2025 has been a strong and eventful year of progress in LLMs. The following is a list of personally notable and mildly surprising “paradigm changes” – things that altered the landscape and stood out to me conceptually.
1. Reinforcement Learning from Verifiable Rewards (RLVR)
At the start of 2025, the LLM production stack in all labs looked something like this:
- Pretraining (GPT-2/3 of ~2020)
- Supervised Finetuning (InstructGPT ~2022) and
- Reinforcement Learning from Human Feedback (RLHF ~2022)

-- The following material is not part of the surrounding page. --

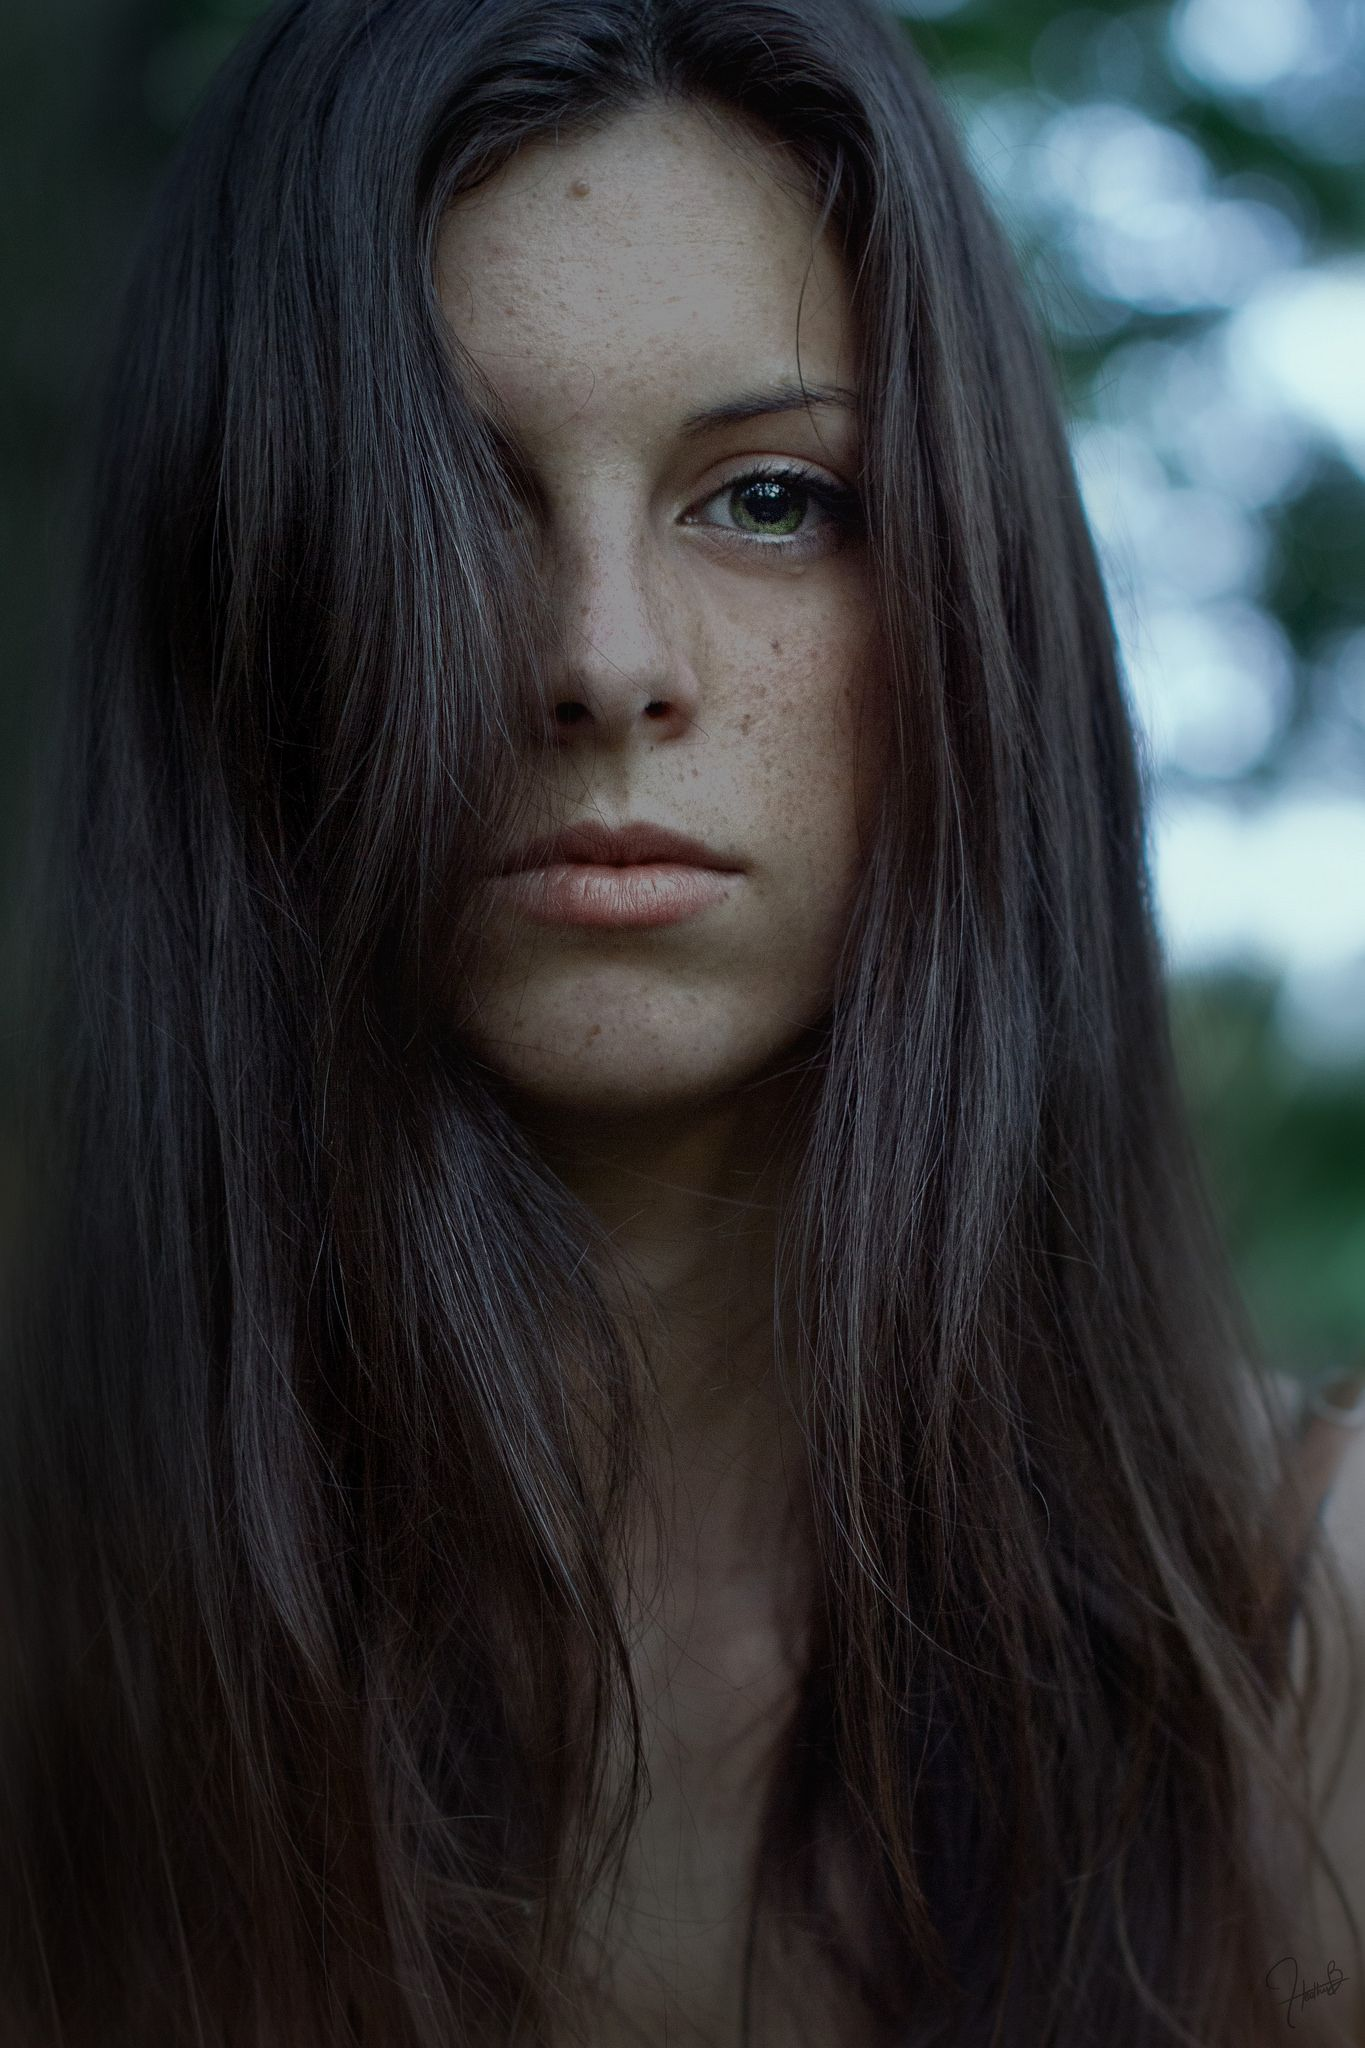 Portrait by Heather B. https://www.facebook.com/EricaBertolacciWorks?fref=photo  #model #shooting #inspiration #portrait #photography #fineart #fine #art #photographer #long #hair #brown #wood #forest #amazing #beautiful #beauty #eyes #green #blue #mood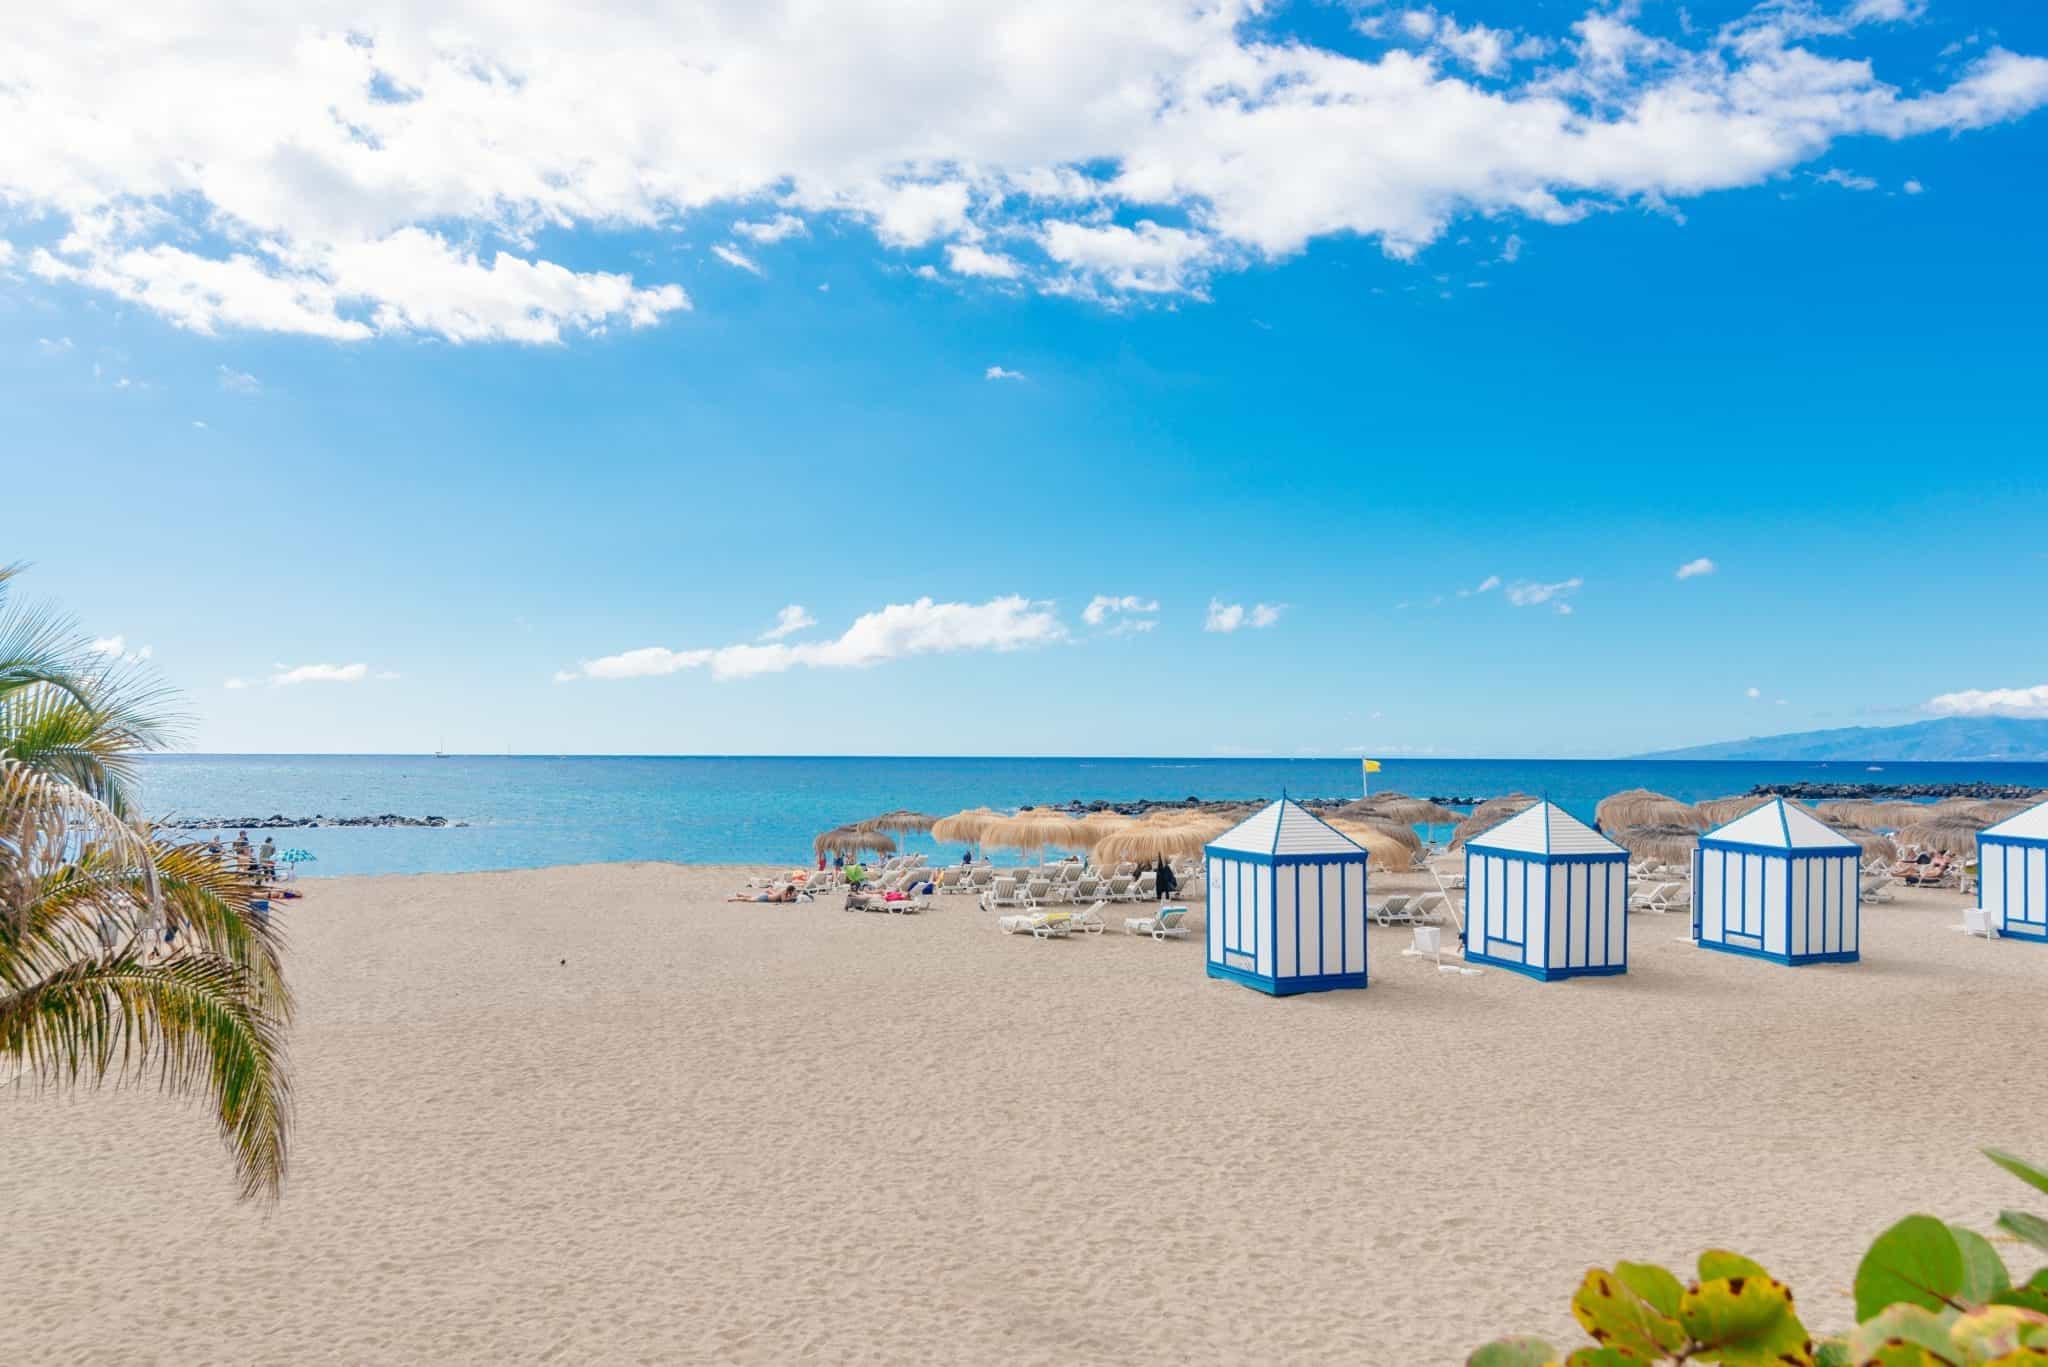 Playa El Duque beach with tropical palm trees in Costa Adeje

This was the stable and proven recipe for training a production-grade LLM for a while. In 2025, Reinforcement Learning from Verifiable Rewards (RLVR) emerged as the de facto new major stage to add to this mix. By training LLMs against automatically verifiable rewards across a number of environments (e.g. think math/code puzzles), the LLMs spontaneously develop strategies that look like “reasoning” to humans – they learn to break down problem solving into intermediate calculations and they learn a number of problem solving strategies for going back and forth to figure things out (see DeepSeek R1 paper for examples). These strategies would have been very difficult to achieve in the previous paradigms because it’s not clear what the optimal reasoning traces and recoveries look like for the LLM – it has to find what works for it, via the optimization against rewards.